■ Work to be completed ■
Lines from the one with "Prepare For Trouble" to the end of the material, both included: print them exactly and print nothing else. Omit the pictures.

■ Material provided ■
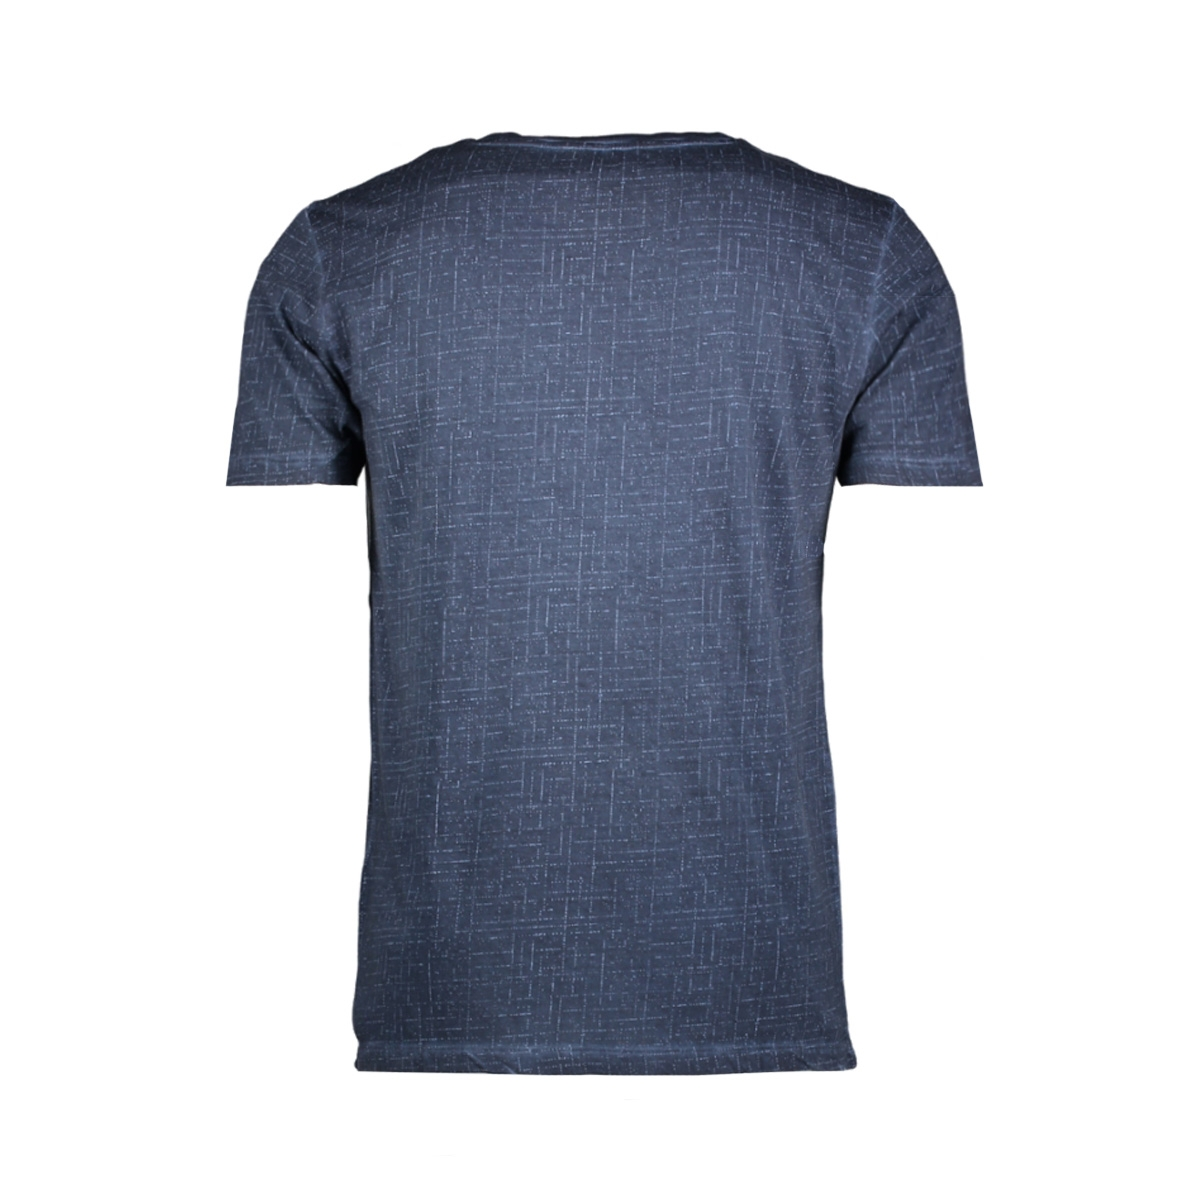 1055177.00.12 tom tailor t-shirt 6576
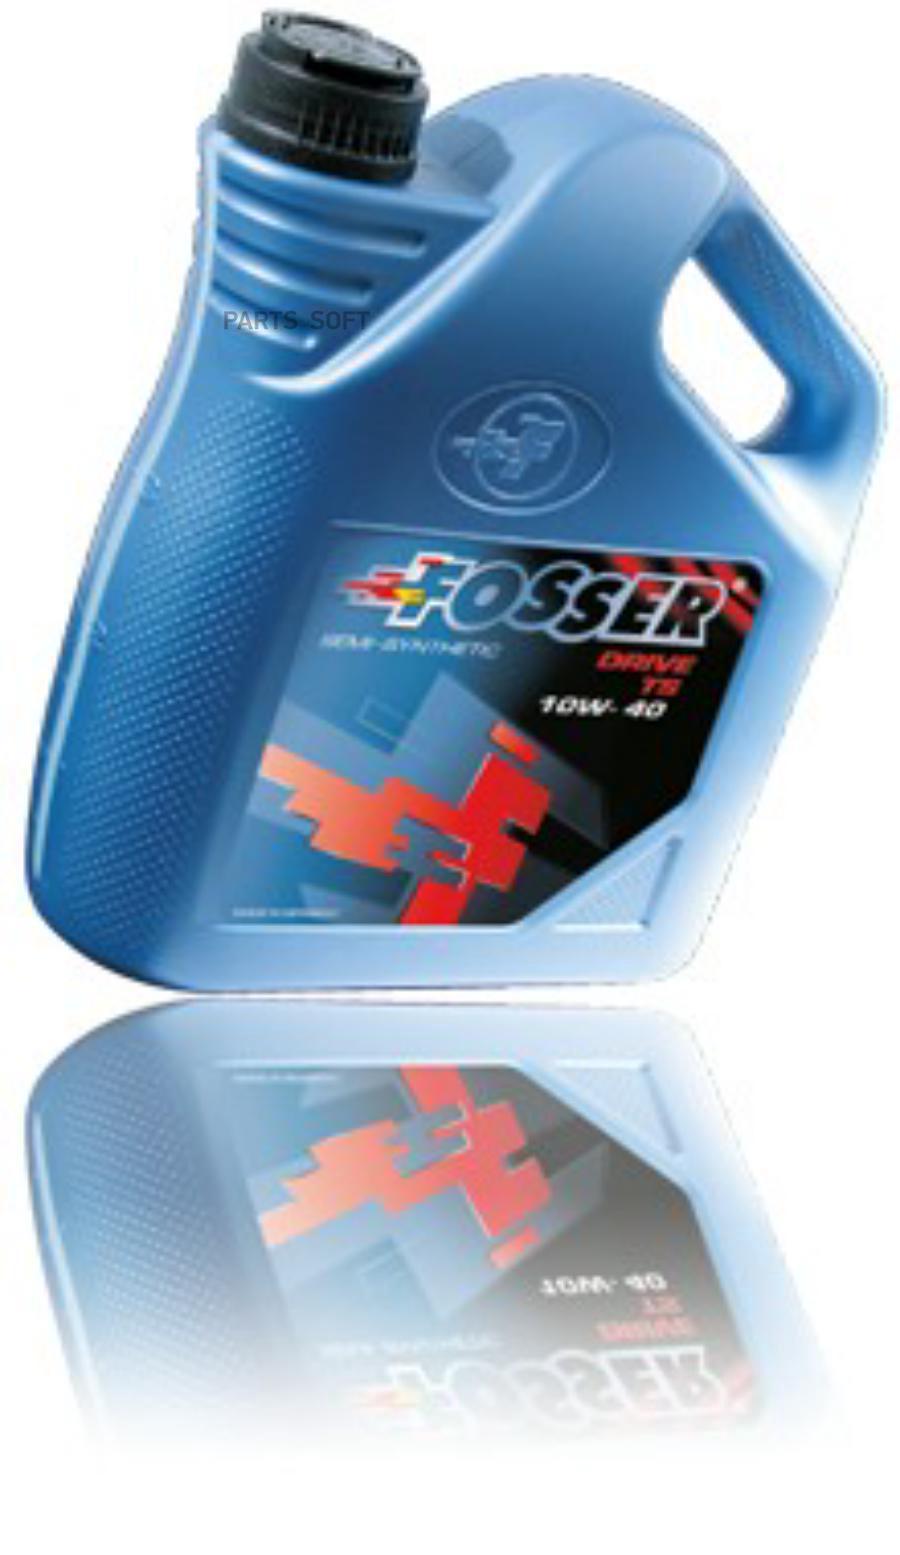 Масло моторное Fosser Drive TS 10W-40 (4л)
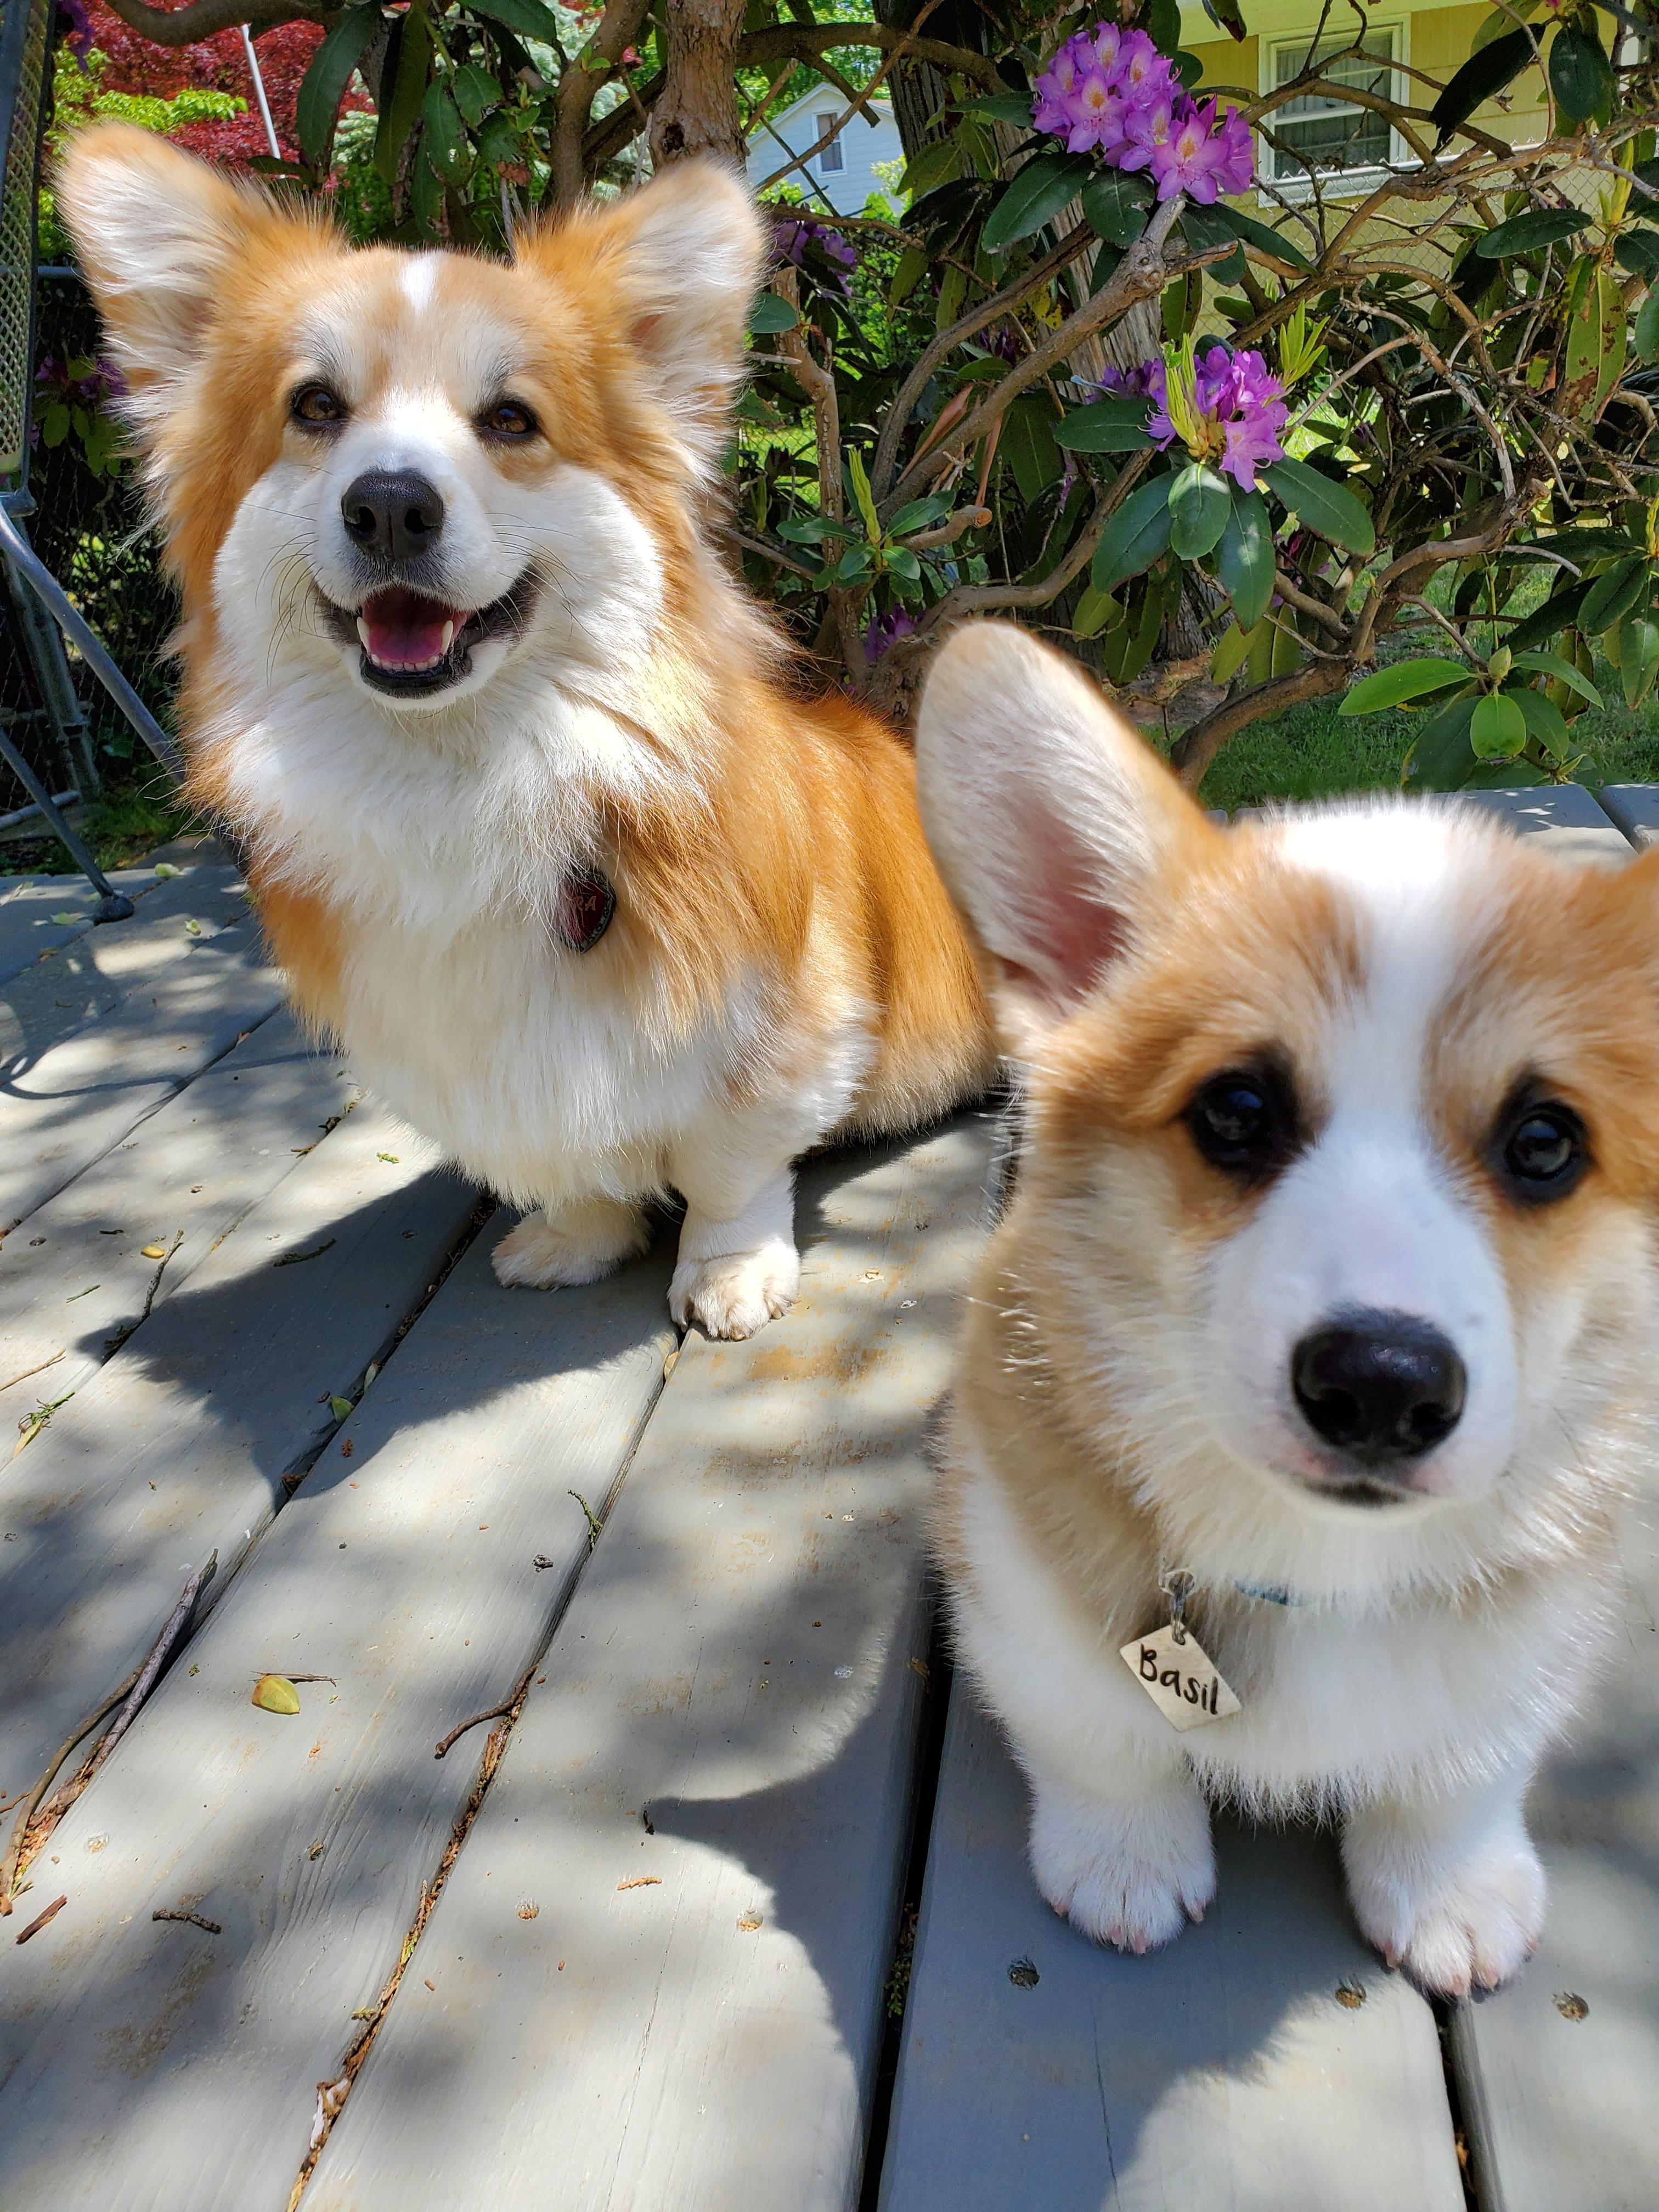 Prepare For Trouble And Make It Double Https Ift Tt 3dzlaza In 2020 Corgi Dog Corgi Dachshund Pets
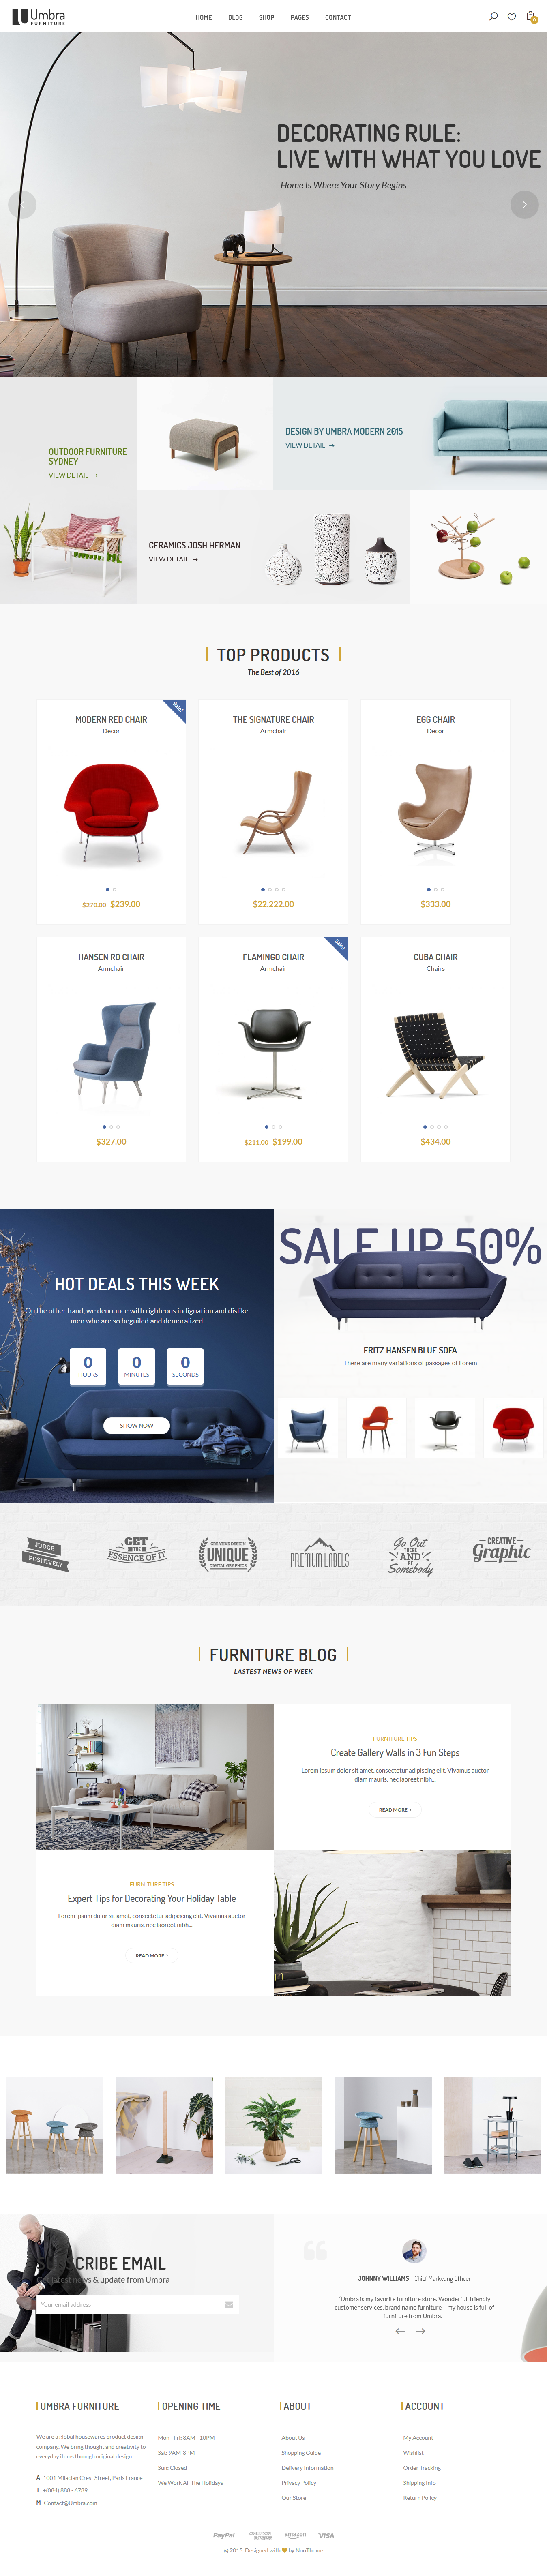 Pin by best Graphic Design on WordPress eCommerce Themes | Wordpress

■ Response to this task ■
 Prepare For Trouble And Make It Double Https Ift Tt 3dzlaza In 2020 Corgi Dog Corgi Dachshund Pets
 Pin by best Graphic Design on WordPress eCommerce Themes | Wordpress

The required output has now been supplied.